Data
-- Opening Marker --
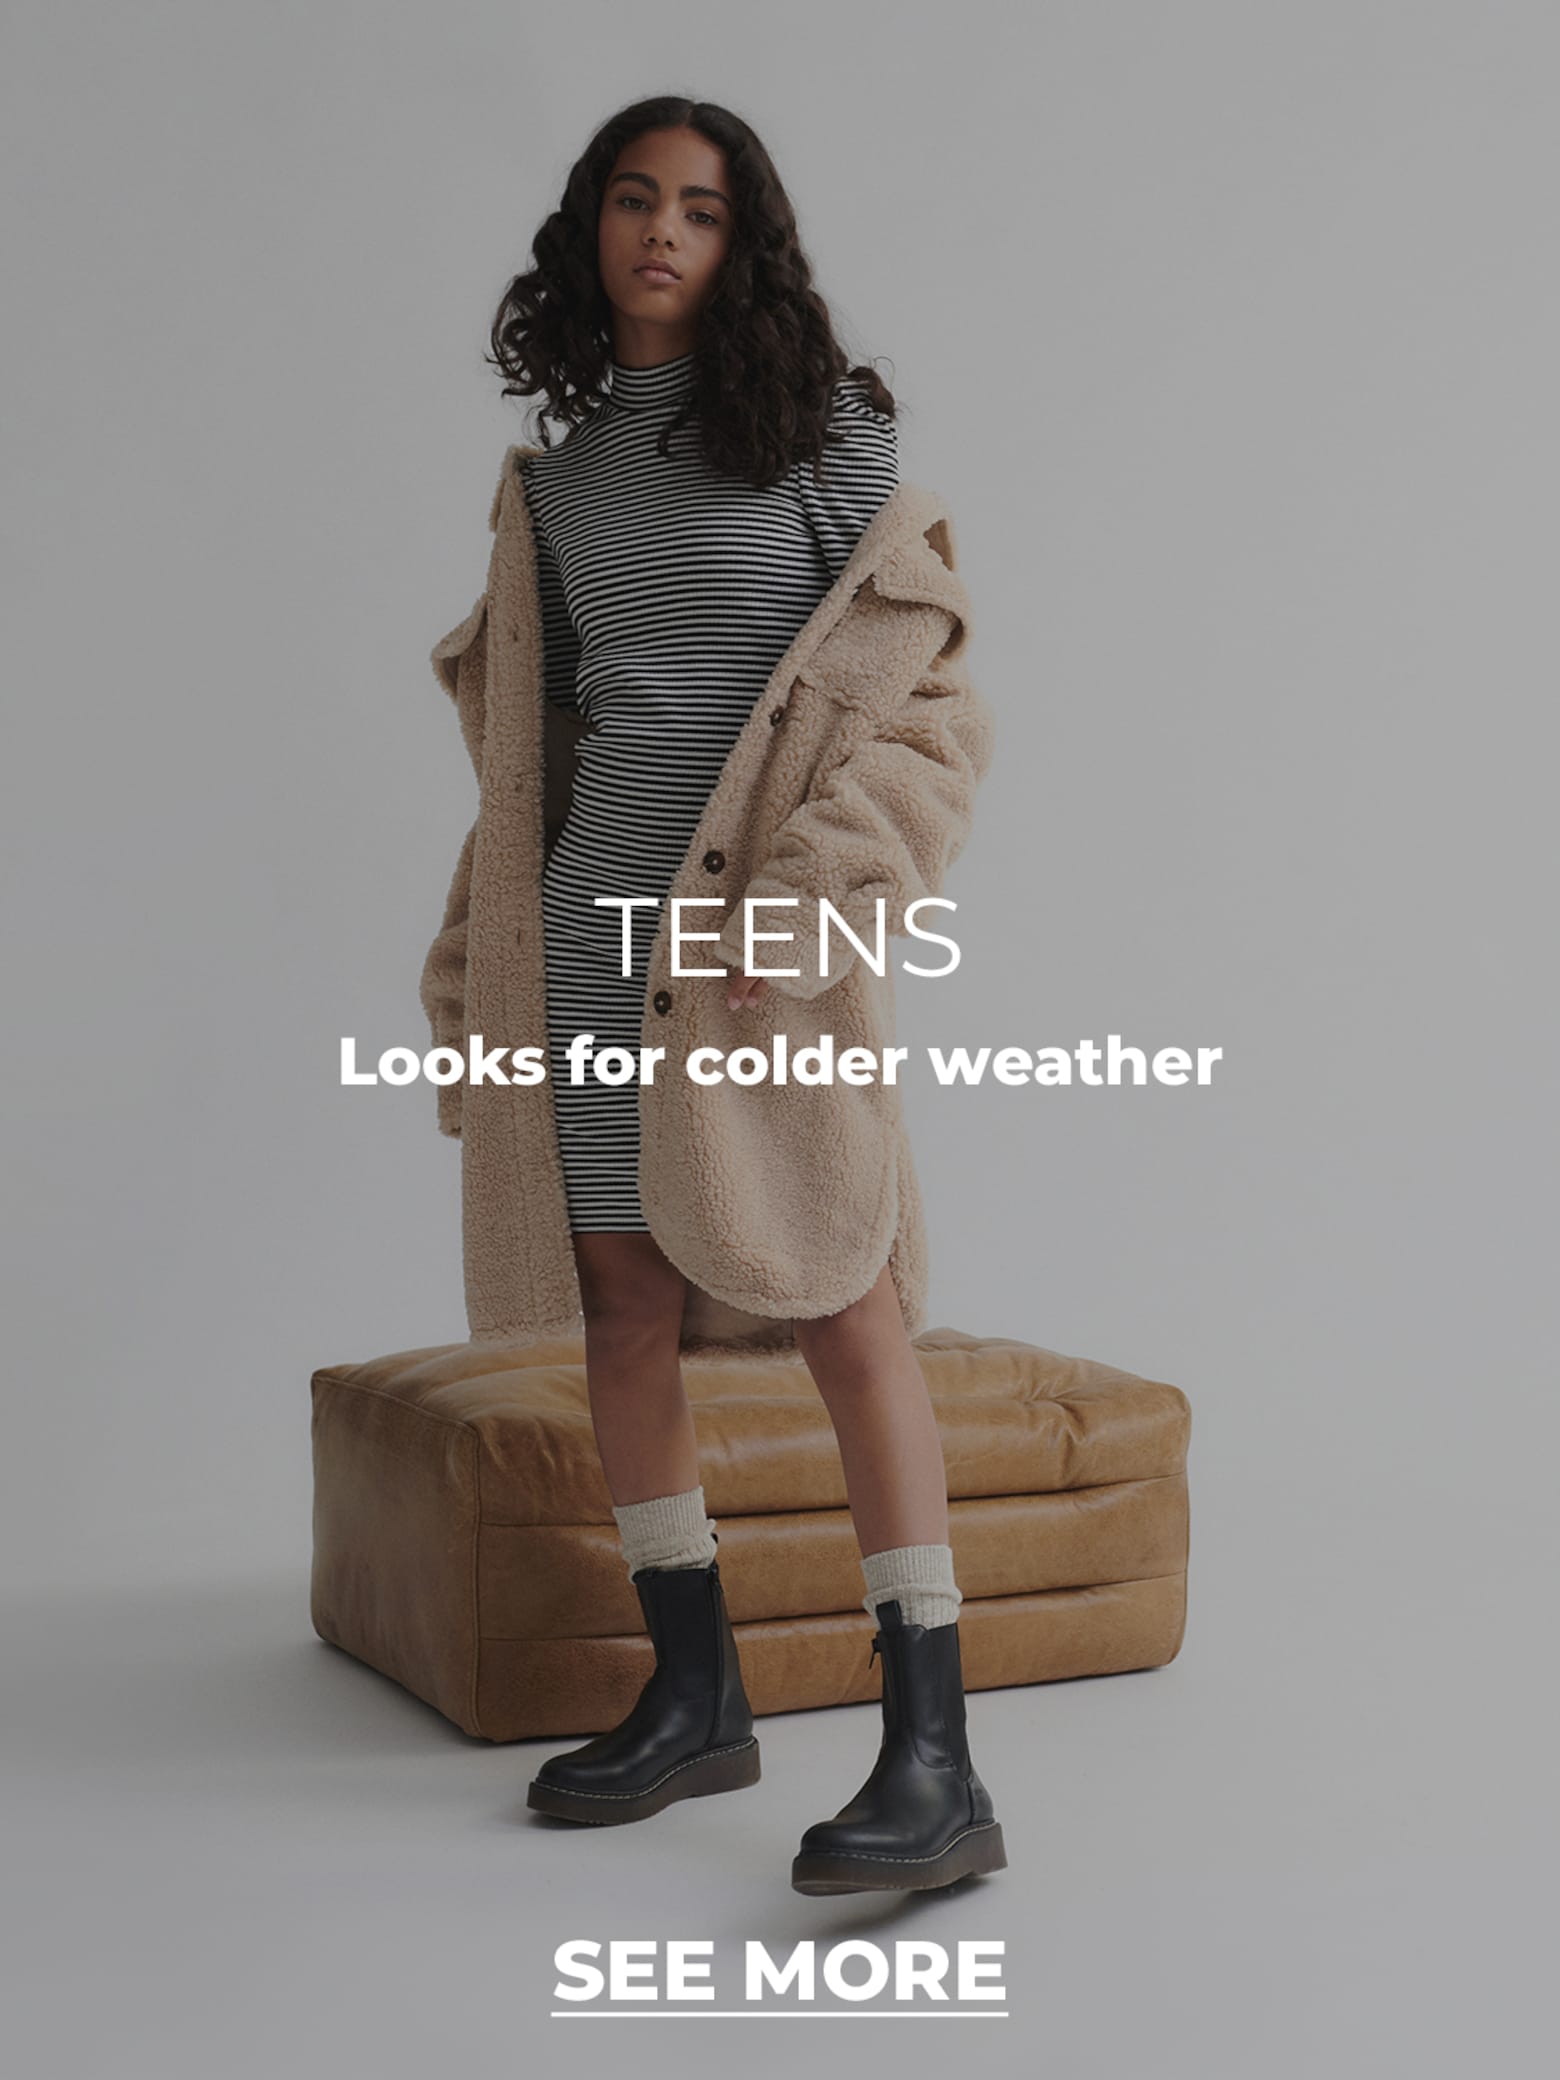 For our girls Clothing for cooler days
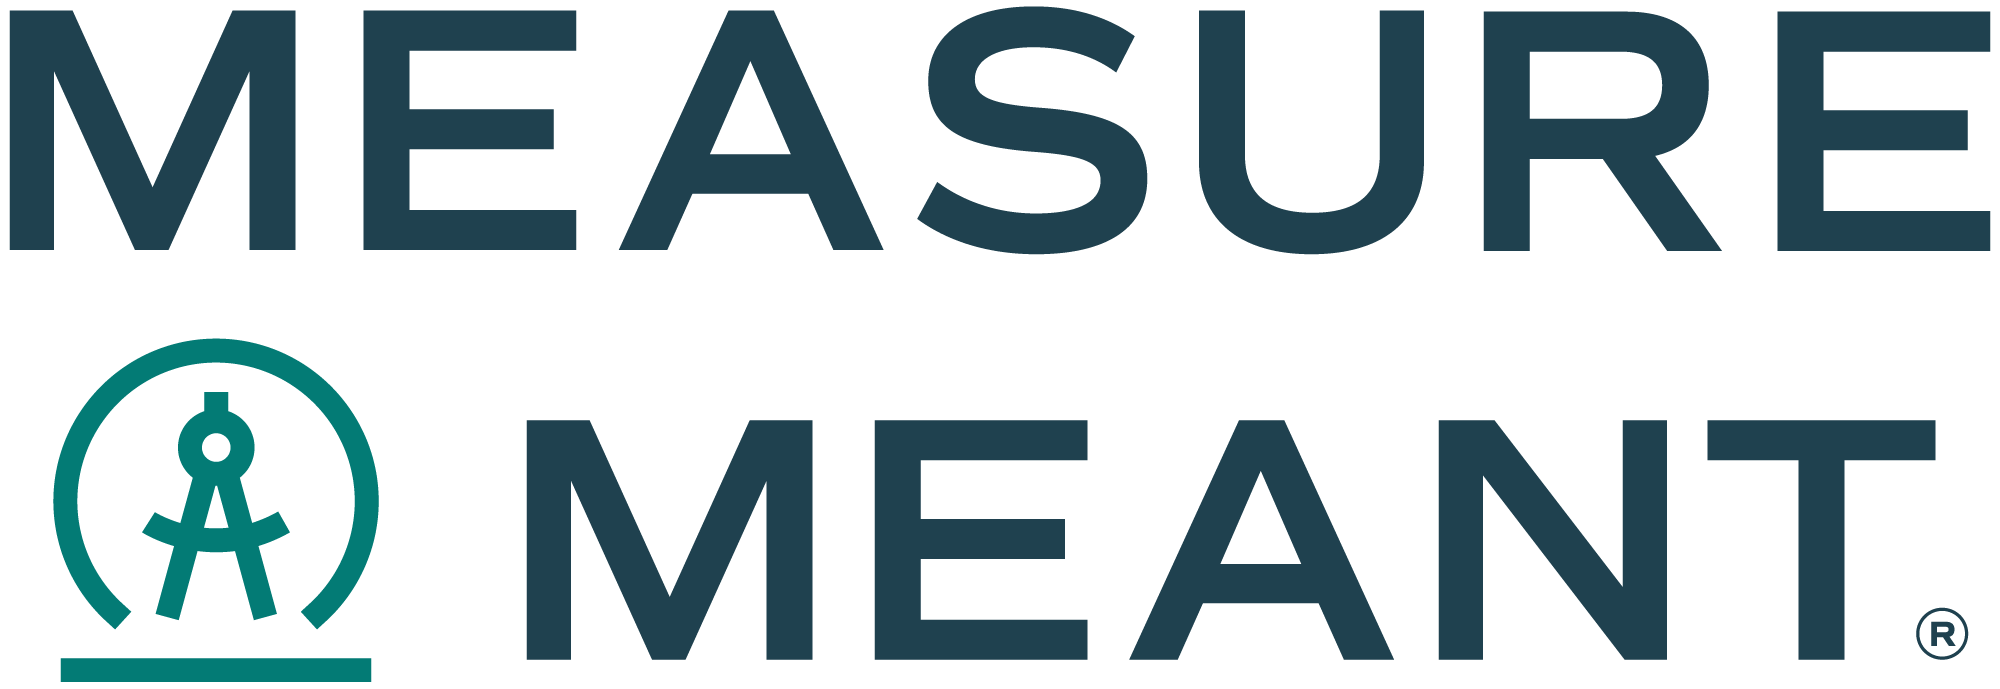 Measure Meant
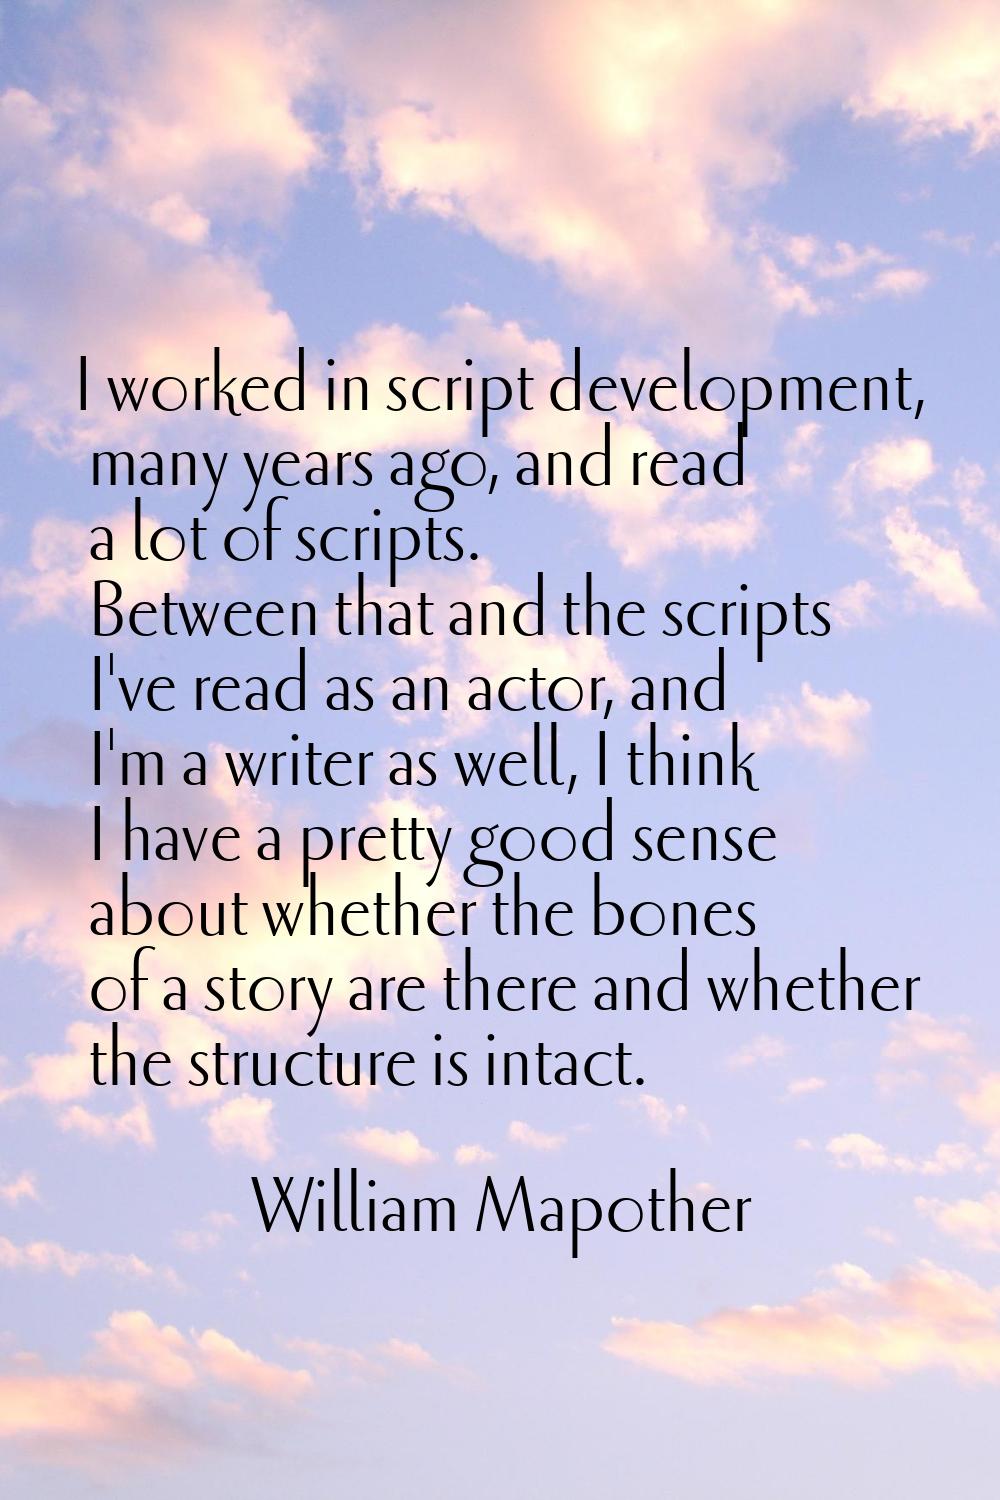 I worked in script development, many years ago, and read a lot of scripts. Between that and the scr
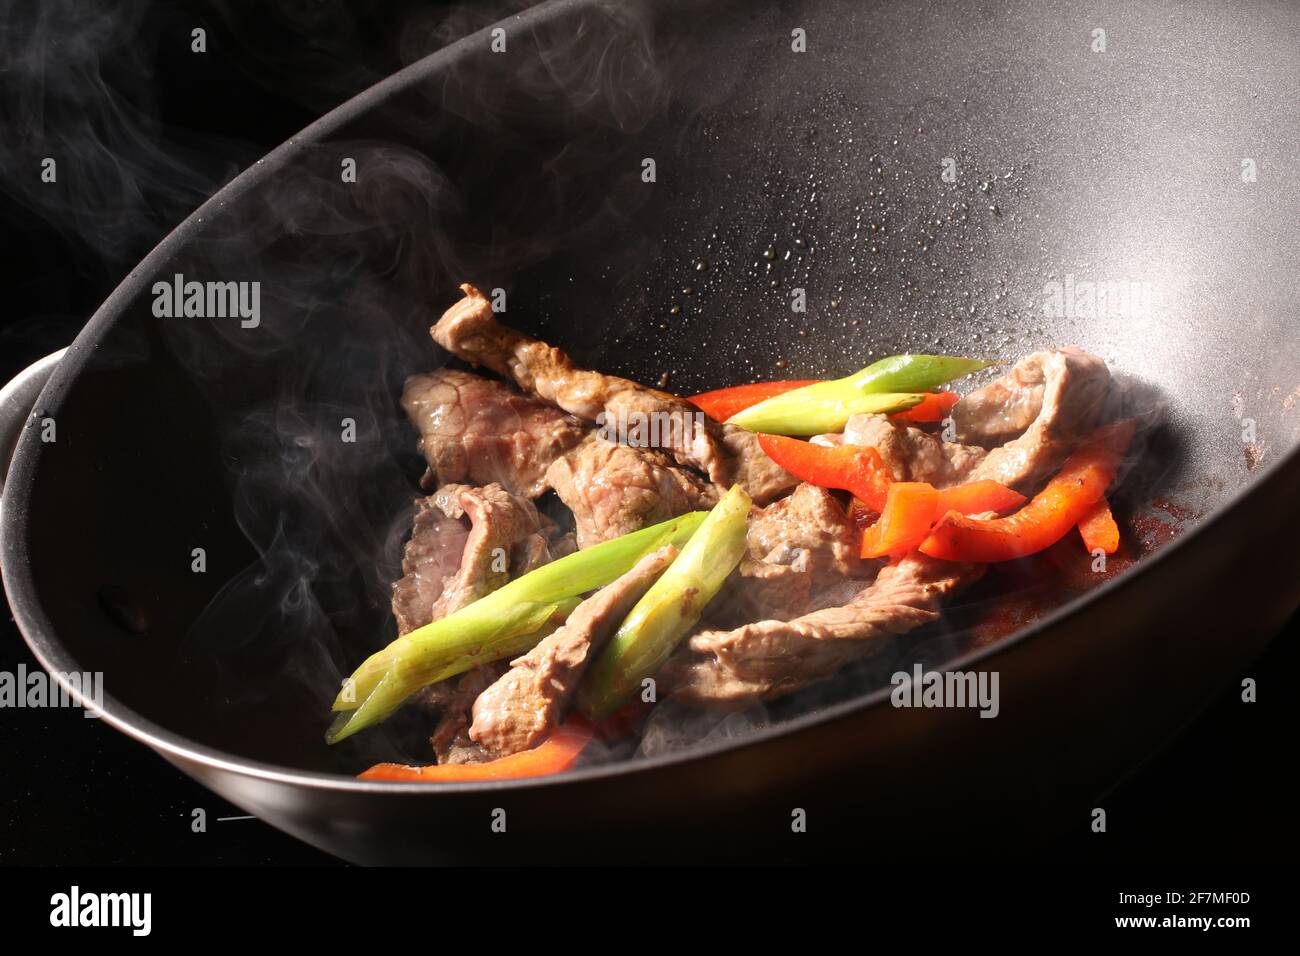 https://c8.alamy.com/comp/2F7MF0D/meat-cooking-in-a-large-frying-pan-with-spring-onions-and-red-peppers-with-steam-coming-off-2F7MF0D.jpg
-- Closing Marker --
What the exercise asks
Restate all of the material above word for word. Pictures do not belong in it.

Your response
 For our girls Clothing for cooler days
 Measure Meant
 I worked in script development, many years ago, and read a lot of scripts. Between that and the scr
 https://c8.alamy.com/comp/2F7MF0D/meat-cooking-in-a-large-frying-pan-with-spring-onions-and-red-peppers-with-steam-coming-off-2F7MF0D.jpg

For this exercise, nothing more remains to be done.